Qui se souviendrait que ses aïeux aient mangé du pain de pomme de terre ?
S. Berdez passe à La Vallée en 1835, pour enquêter sur notre situation économique. Il ne s’étend que peu sur le précieux tubercule. Il écrit simplement :
On cultive la pomme de terre à la Vallée, mais toutes les localités n’y sont pas propres, surtout dans la commune du Chenit, où la nature marécageuse du sol et les fréquentes gelées empêchent qu’on en plante autant qu’on le désirerait. Cependant, même dans cette commune, bien des particuliers en récoltent pour leur consommation, et même pour vendre 5.
En ce temps-là, les habitants de la commune du Chenit possédaient environ 50 charrues (gérées pour la plupart en association), la commune de L’Abbaye et celle du Lieu, chacune pour 25 charrues gérées de la même manière à plusieurs.
Pour revenir quelque peu en arrière, Philippe Bridel, grand-père du doyen Bridel, s’il fut pour quelque chose dans l’introduction de la pomme de terre, nous ignorons dans quel sens et par quels moyens il avait pu convaincre ses concitoyens de planter et de manger le légume-tubercule.
Supplément : le pilon à pomme de terre, par. M. Jean-François Robert, de l’Arboretum du vallon de l’Aubonne, objets insolite du musée, 1985, fiche no 15 :
Le pain… la denrée la plus nécessaire à l’homme !

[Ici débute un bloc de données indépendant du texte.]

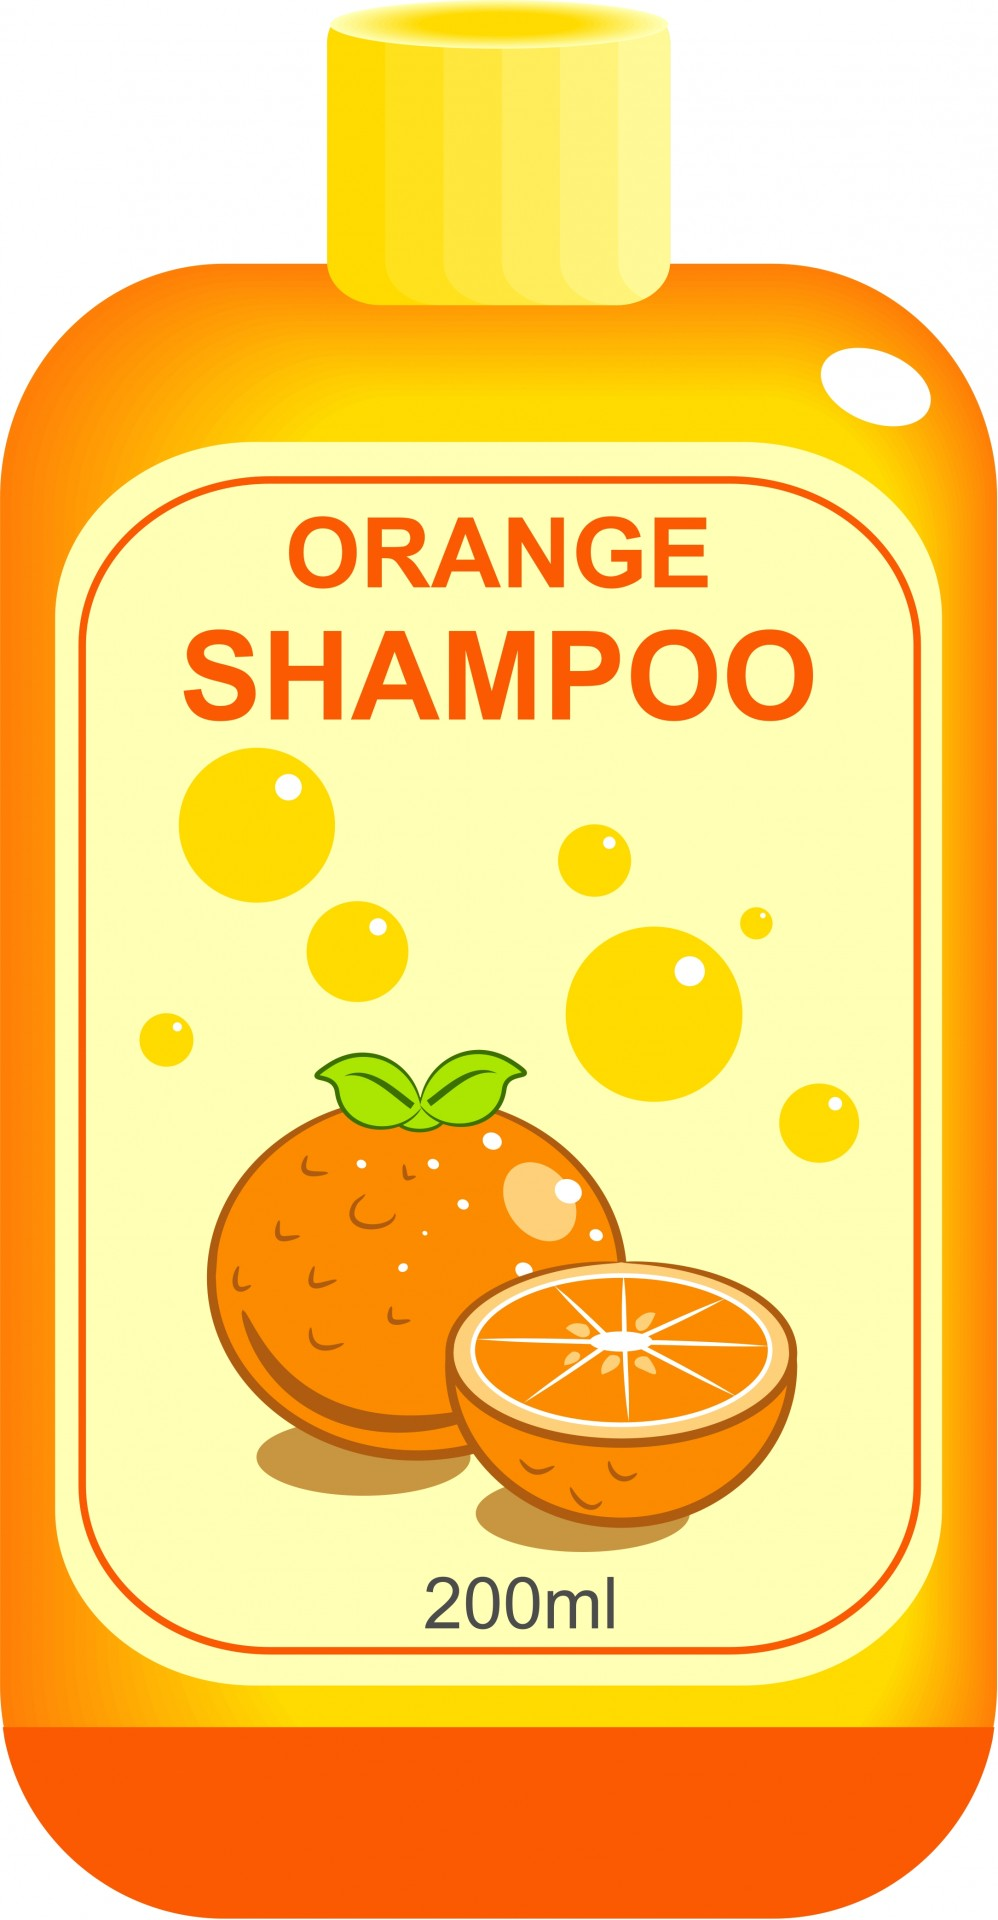 Shampoo clipart. Bottle of free stock

À l’époque où l’agriculture ne connaissait encore ni les semences sélectionnées ni l’engrais qui revitalise les sols épuisés, à l’époque où la terre devait être ouverte et retournée à la force musculaire, sans le recours des machines, à une époque aussi où les denrées coloniales étaient pratiquement inconnues, les années de maigres récoltes prenaient l’allure de catastrophes nationales. La famine alors s’infiltrait dans les villages et décimait les population. Que de noirs millésimes ont hélas jalonné tout le haut Moyen-Âge.
La pomme de terre, introduite chez nous vers 1750 sous le nom de « truffe » ou « truffle » – et cultivée dans les « truffières » – , la pomme de terre mit enfin un terme à l’angoisse de n’avoir pas suffisamment à manger.
Elle fut le pain des pauvres, au propre comme au figuré, les « röstis + matinales ont remplacé longtemps le pain du petit déjeuner dans nos campagnes ! Et dans les zones marginales des Alpes et des Préalpes où le grain était rare, la pomme de terre devait suppléer au manque de farine et entrer pour une part importante dans la confection du pain.
1. On se souviendra que c’est suite à l’éruption du Tambora en 1815 en Indonésie et à ses prodigieuses déjections de fumée, que le climat aurait été perturbé sur nombre de territoire, dont l’Europe. Cette nouvelle famine en fait fut la dernière de cette importance dans le monde occidental. À La Vallée on achète des graines à tout va. Cette situation désespérée nécessite d’établir des listages de toutes sortes, dont ceux en rapport avec la distribution de graines achetées dans les greniers du canton de Vaud, puisque la plupart des habitants sont dans la nécessité de s’en procurer par ce canal.
2. ACL, A9, les noms du syndic et du secrétaire ne sont pas donnés.
3. Philippe Berney, 1767-1839, était né aux Bioux. Sa famille s’installa à L’Orient dès 1770. Lui-même plus tard s’engagea dans la garde-suisse. Lors de la Révolution vaudoise, il joua un rôle d’importance. Voir sous son nom dans histoirevalleedejoux.ch.
4. Feuille d’agriculture et d’économie générale, sur le pain de pomme de terre, par Philippe Berney, août 1813, pp. 62-64, no 26.
5. S. Berdez, Notice sur l’industrie agricole et manufacturière de la Vallée de Joux, 1835, p. 309.